◆ Exercise details ◆
Go to the line containing "Overall Dimensions (inches): 74.25" below; retype it and all following lines exactly, and leave out the pictures.

◆ Data below ◆

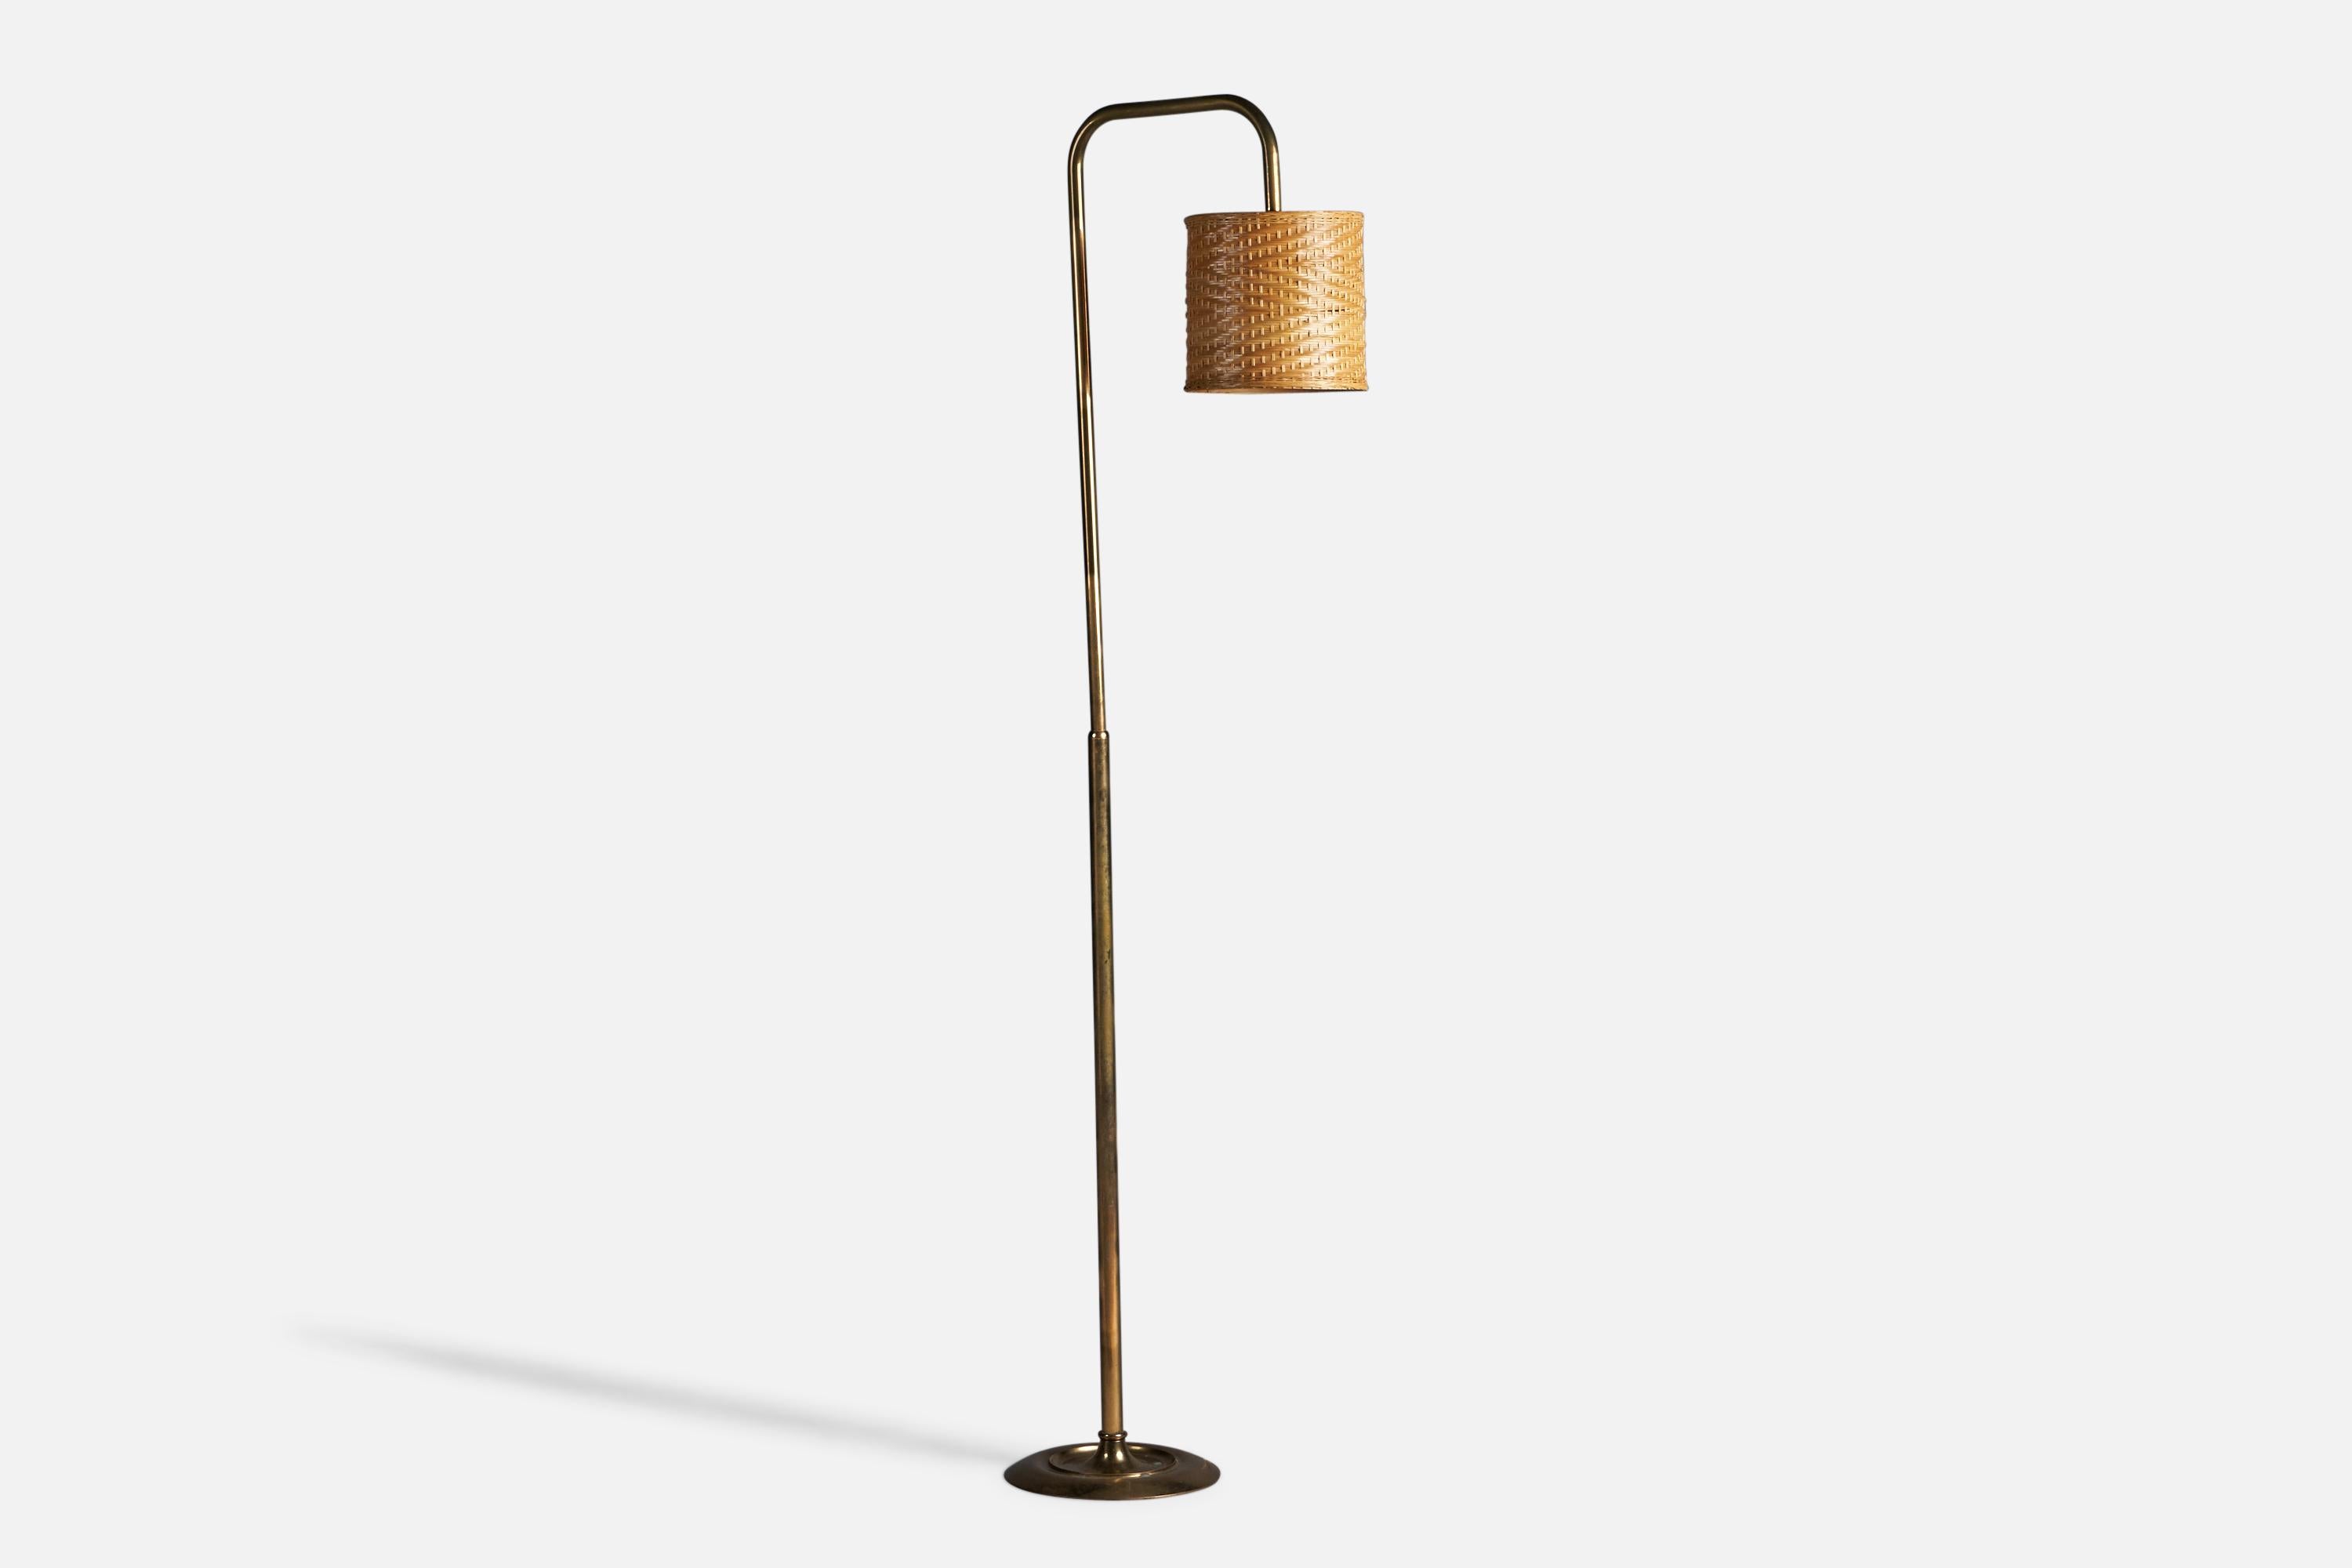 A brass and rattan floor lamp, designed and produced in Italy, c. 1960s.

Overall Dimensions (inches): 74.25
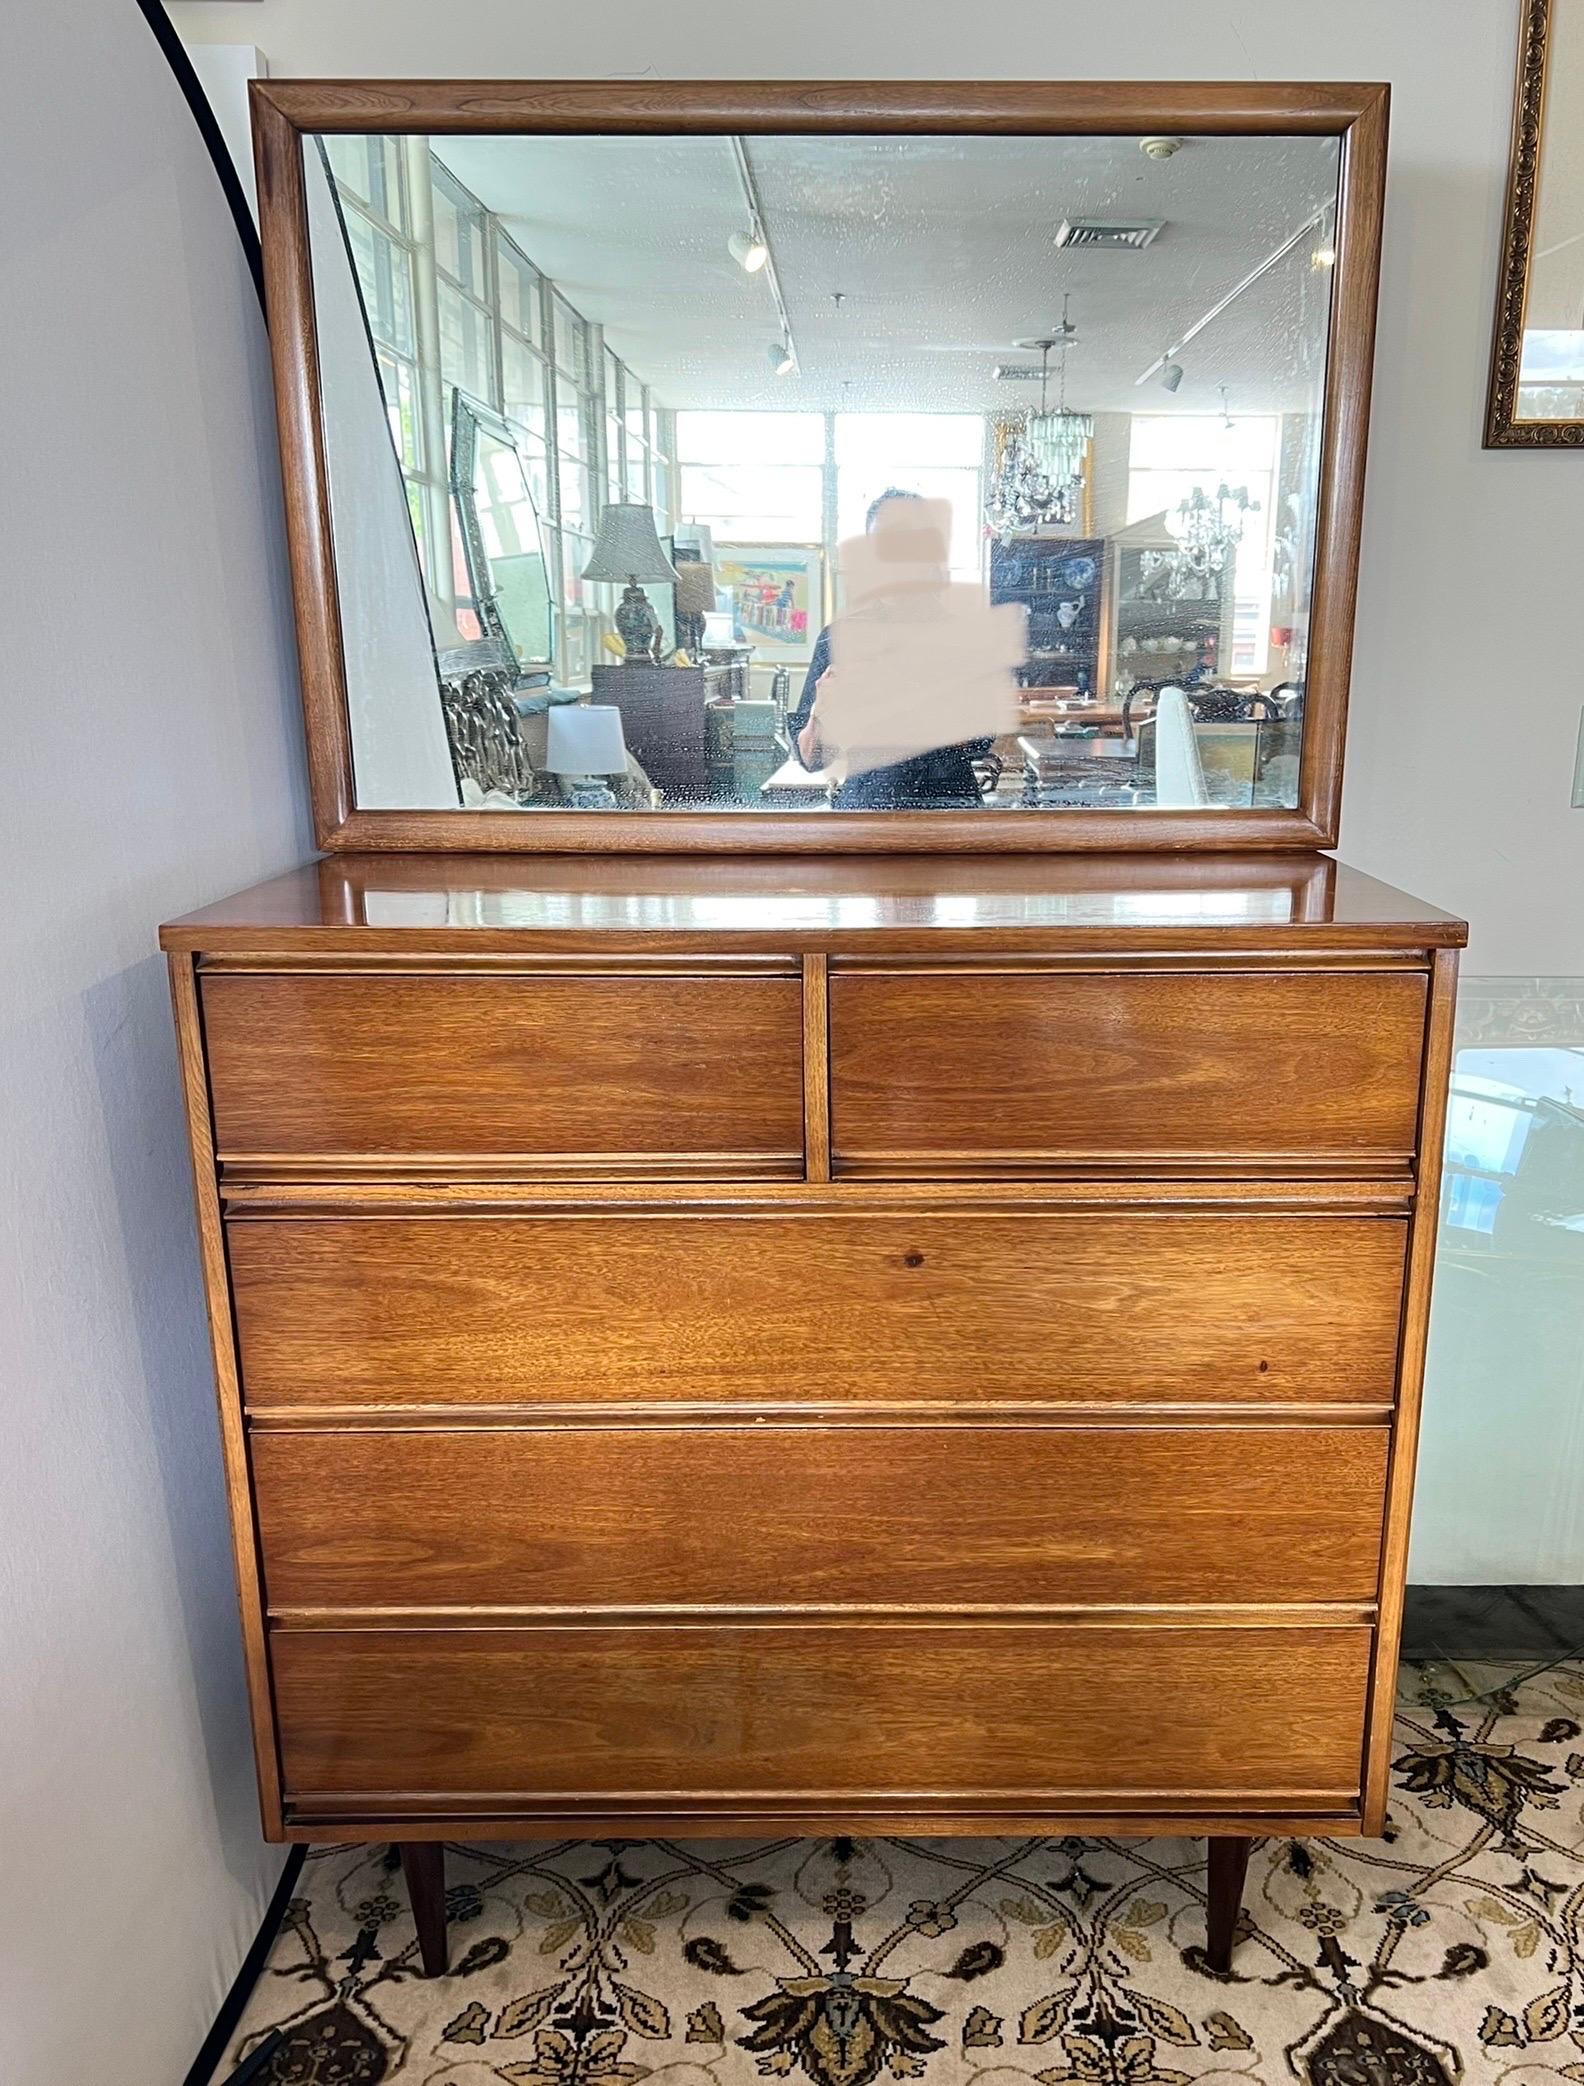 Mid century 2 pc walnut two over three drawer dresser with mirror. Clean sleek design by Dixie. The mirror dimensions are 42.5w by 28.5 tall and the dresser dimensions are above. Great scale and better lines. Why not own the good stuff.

◆ Exercise solution ◆
Overall Dimensions (inches): 74.25
 Mid century 2 pc walnut two over three drawer dresser with mirror. Clean sleek design by Dixie. The mirror dimensions are 42.5w by 28.5 tall and the dresser dimensions are above. Great scale and better lines. Why not own the good stuff.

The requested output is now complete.